## [HOW TO COMPLETE THIS TASK]
Wherever a picture appears in the data below, omit it, and restate everything else word for word.

## [DATA BLOCK]
....................

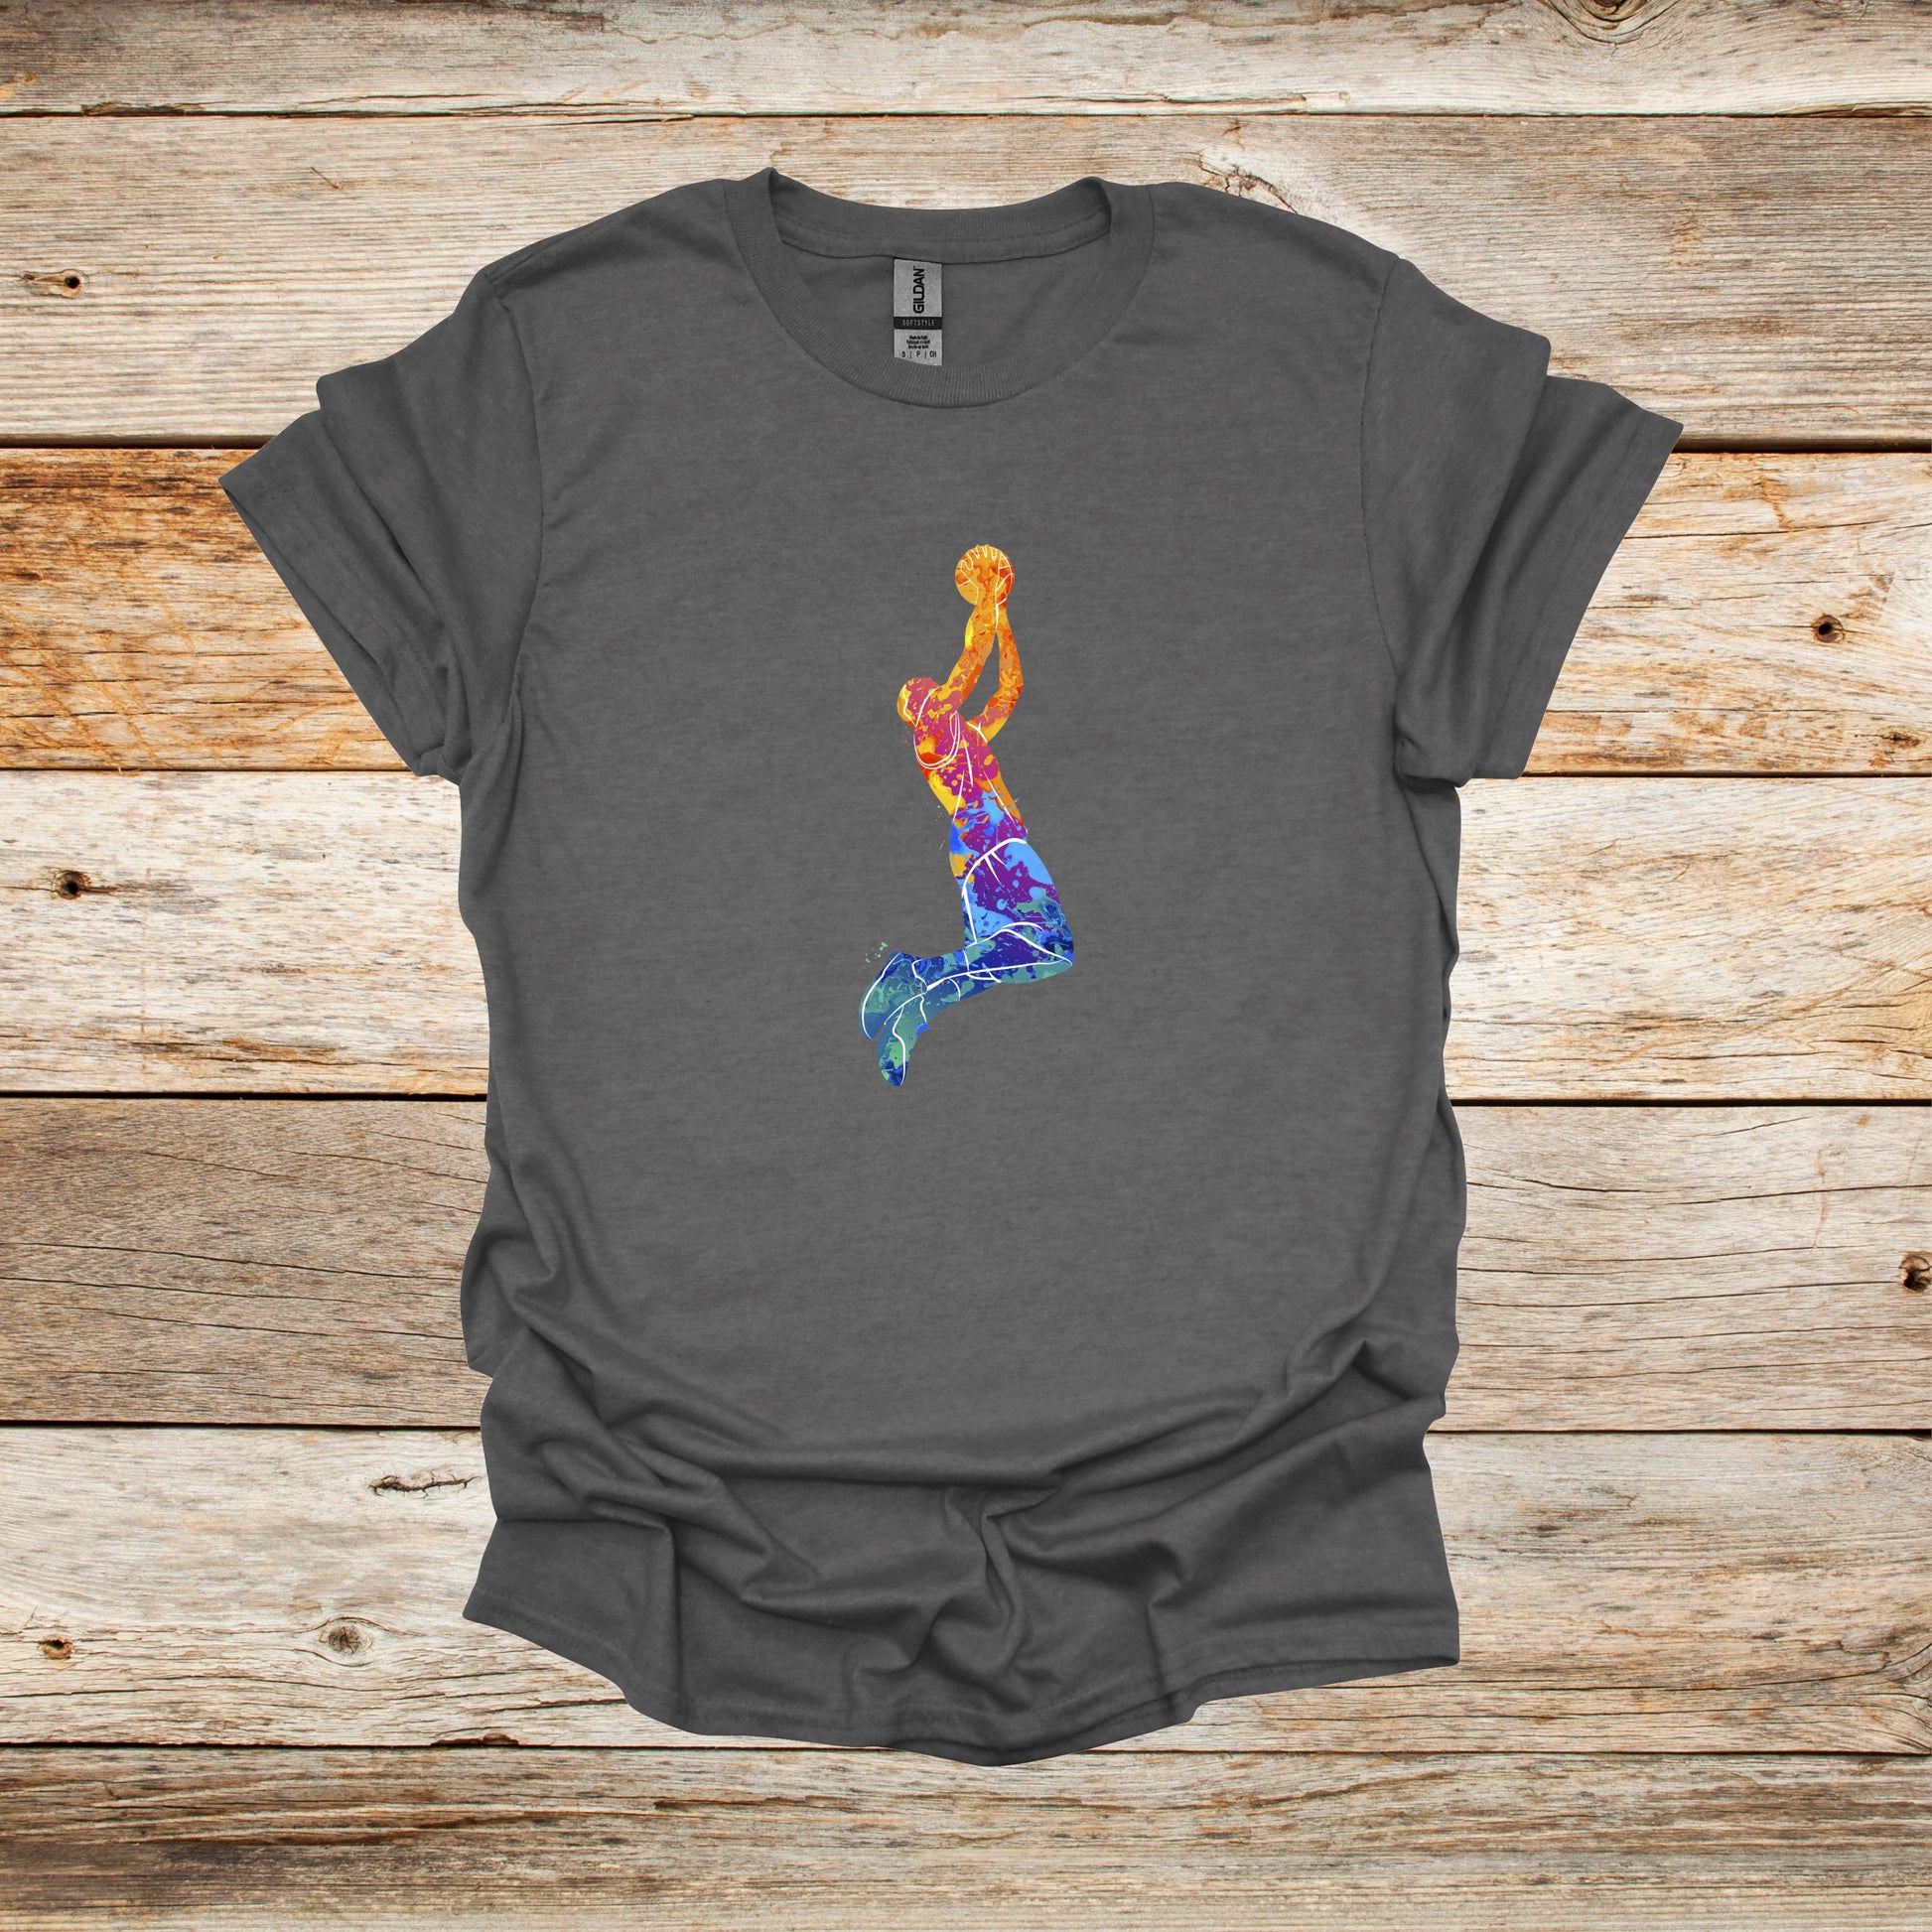 Basketball T-Shirt - Jump Shot - Adult and Children's Tee Shirts - Sports T-Shirts Graphic Avenue Graphite Heather Adult Small 
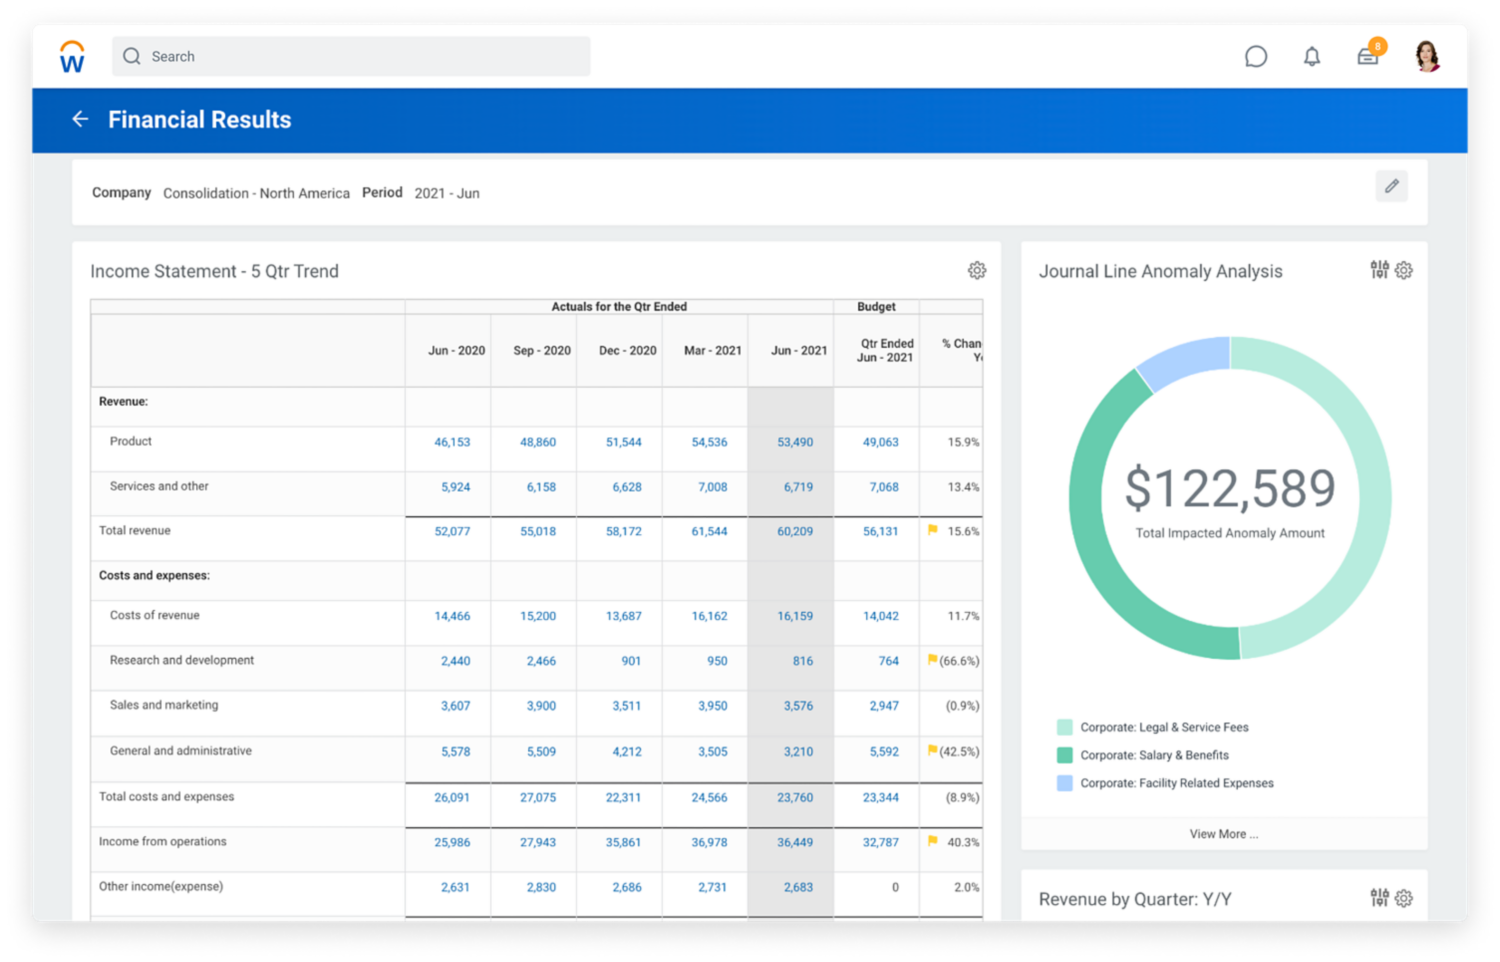 Financial accounting results dashboard showing income statement and quarterly expense analysis.
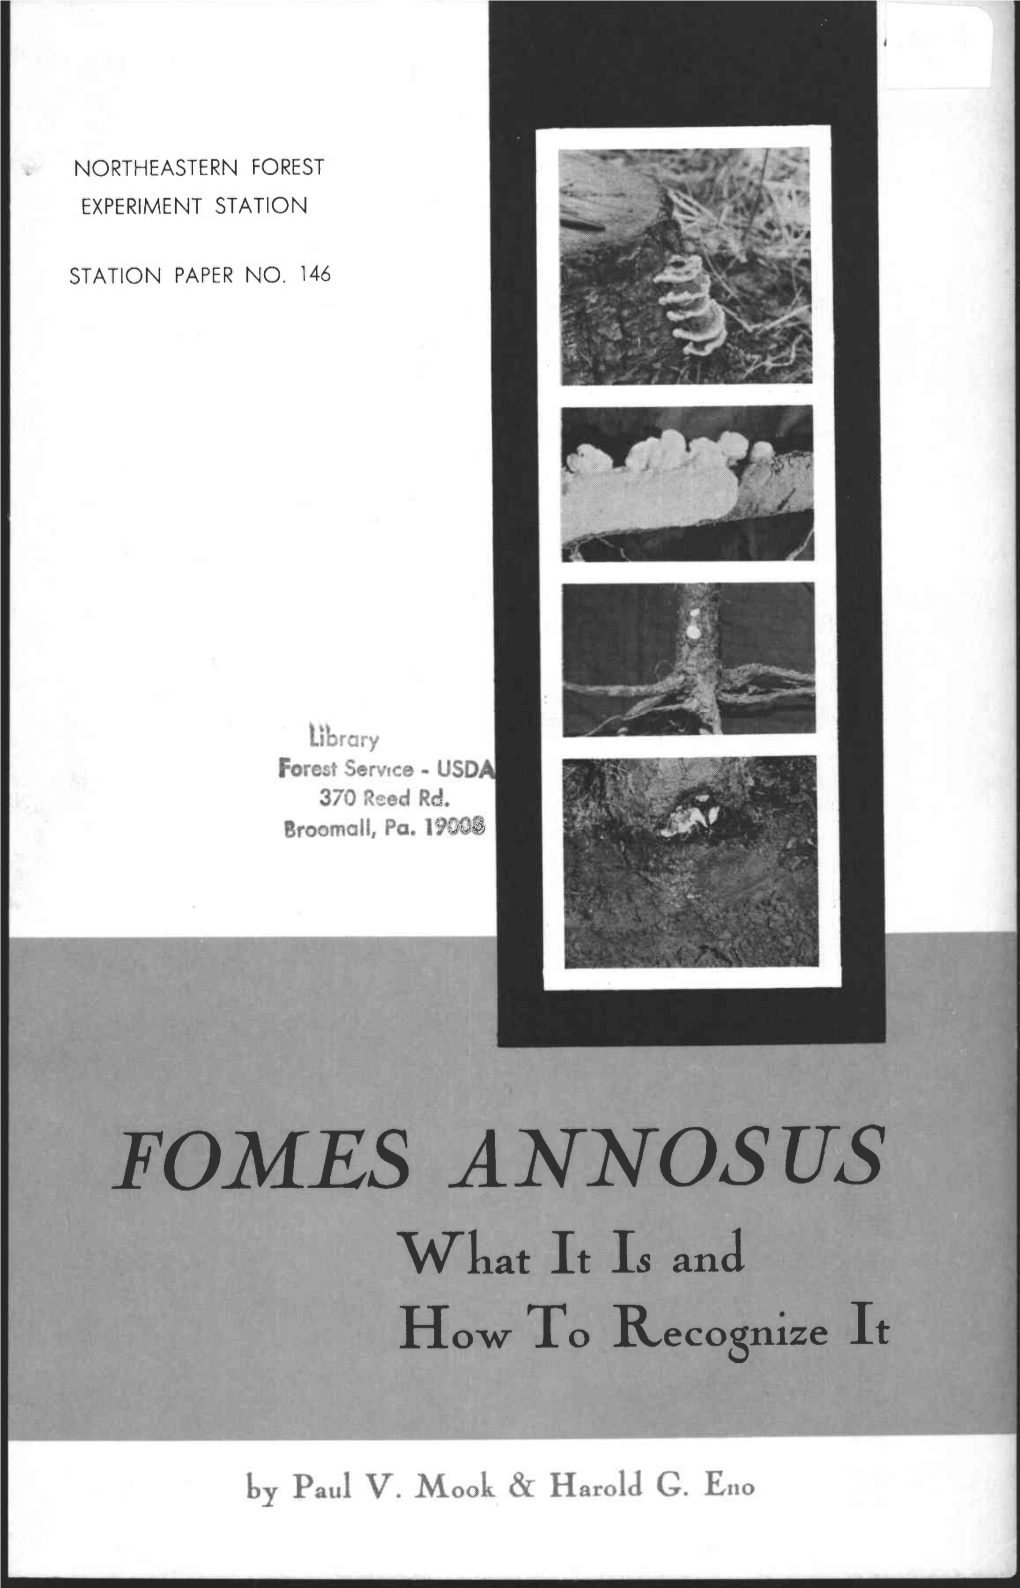 FOMES ANNOSUS What It Is and How to Recognize Lt

....................

## [ANSWER]
 Basketball T-Shirt - Jump Shot - Adult and Children's Tee Shirts - Sports T-Shirts Graphic Avenue Graphite Heather Adult Small 
 Financial accounting results dashboard showing income statement and quarterly expense analysis.
 FOMES ANNOSUS What It Is and How to Recognize Lt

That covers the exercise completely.